As academia remains the cradle of innovation, the scaling up of products depends largely on right policies and profitability. He suggests, “The policymakers must devise ways to enable academia in accessing farming lands and conduct their experiments real-time outside ideal conditions of their laboratories.”
“Besides, provisions must be created to enable costly technologies being purchased by the government bodies or panchayats and leased out to farmers. A case in point can be of Pusa Decomposer. It was invented by scientists of Indian Agricultural Research Institute (IARI). A product just out of the laboratory faces a trust barrier. The Delhi Government took the initiative of reaching out to farmers and convinced them to use it under IARI scientists,” he adds.
One factor that most of the industry experts bring out is that India lags behind in agriculture due to less adoption of technological tools. This is the primary reason behind marginal or small status of most of the farmers. Sinha on this says that India lags in productivity of agricultural yield across few crops as it has small farms.
“Specific solutions built on deep tech platforms would change India’s landscape for agriculture. The precision farming concept was difficult for adoption in India earlier because majority of the farm holding was small in India. Hence, it wasn’t commercially viable from the perspective of both supply and demand,” he claims.
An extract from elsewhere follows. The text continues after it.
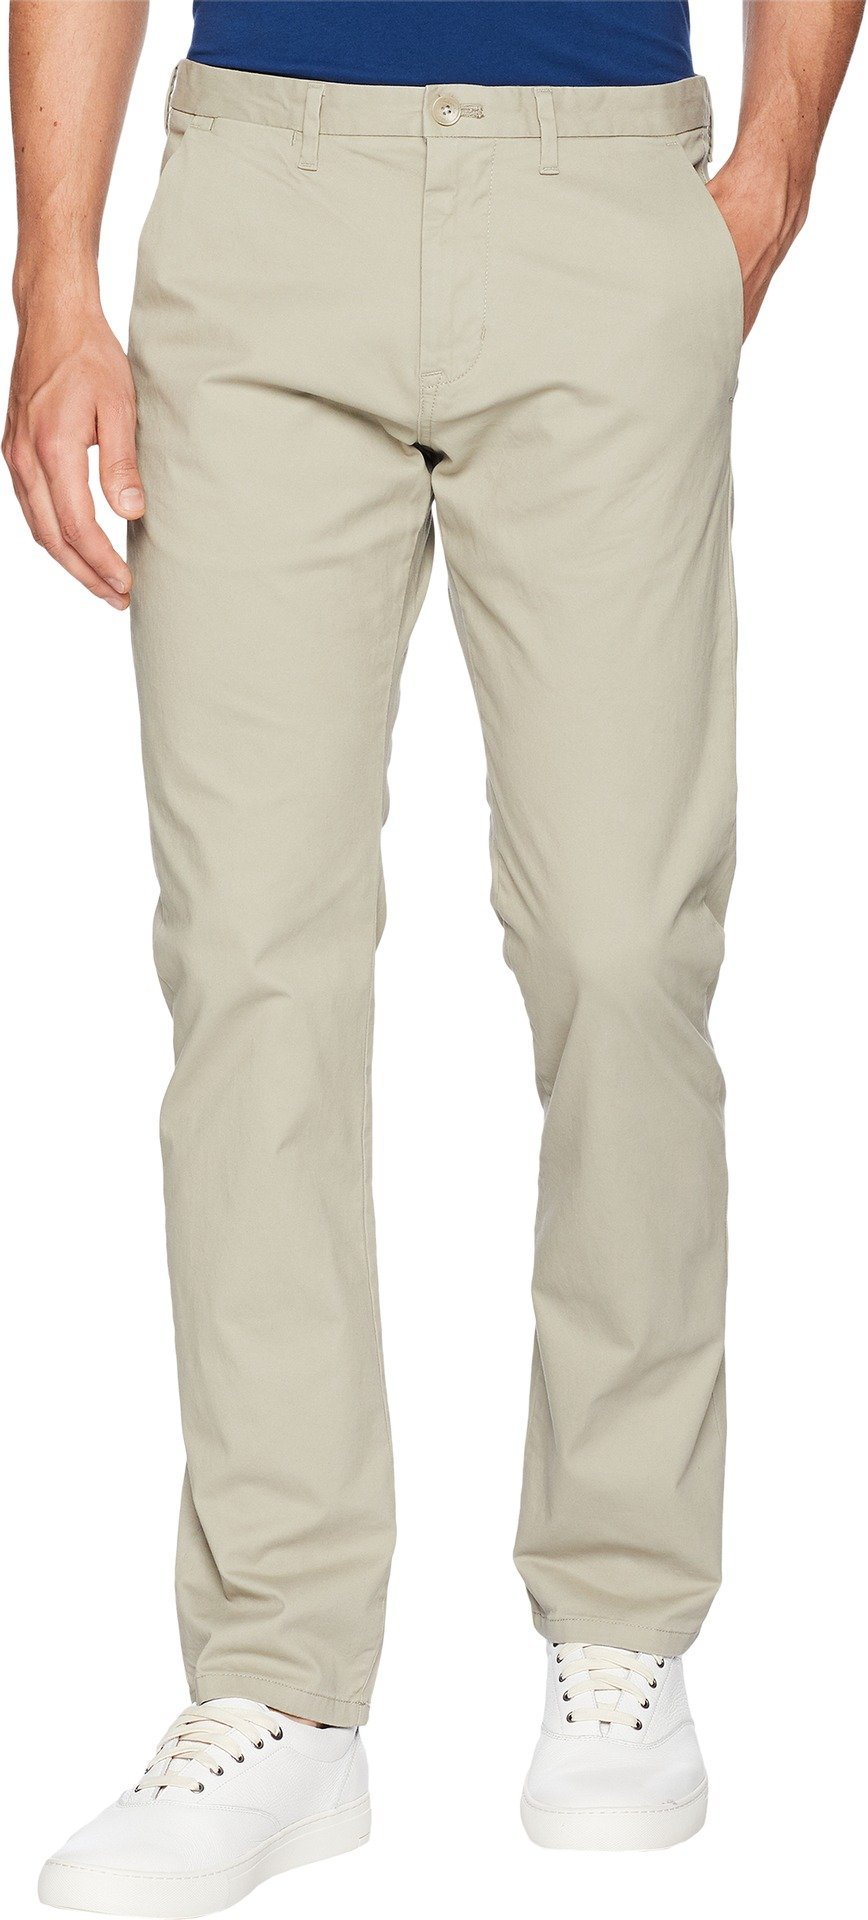 Calvin Klein Men's Dylan Soft Wash Straight Leg Chino Pant, Vintage Taupe, 34W X 32L

Despite this, India’s burgeoning start-up ecosystem has played an active part in disrupting the agriculture sector. Agritech start-ups are operating in an attractive market with an estimated potential of US$24b by 2025. Lately, the funding scenario has also accelerated. Venture capitalist and investors have been responding very well. According to the statistics of Maple Capital Advisors, agritech firms have clocked $84 million as against $153 million during the same period in the first half of 2020.
It has also forecasted investments to exceed US$ 500 million in next two years. On this Sinha comments, “There is a lot of interest in Agritech sector with significant number of people being funded. The number of companies and the quantum of funding both have gone up significantly.”
Going ahead, recent policy reform announcements are expected to add a fillip to the sector by encouraging private investments. This certainly will help government in achieving the aim of doubling income of farmers by 2022. Due to these steps, India’s agriculture sector in the next decade will no longer rely on conventional methods. Instead, it will adopt agriculture 4.0 to push country’s economy to its full potential.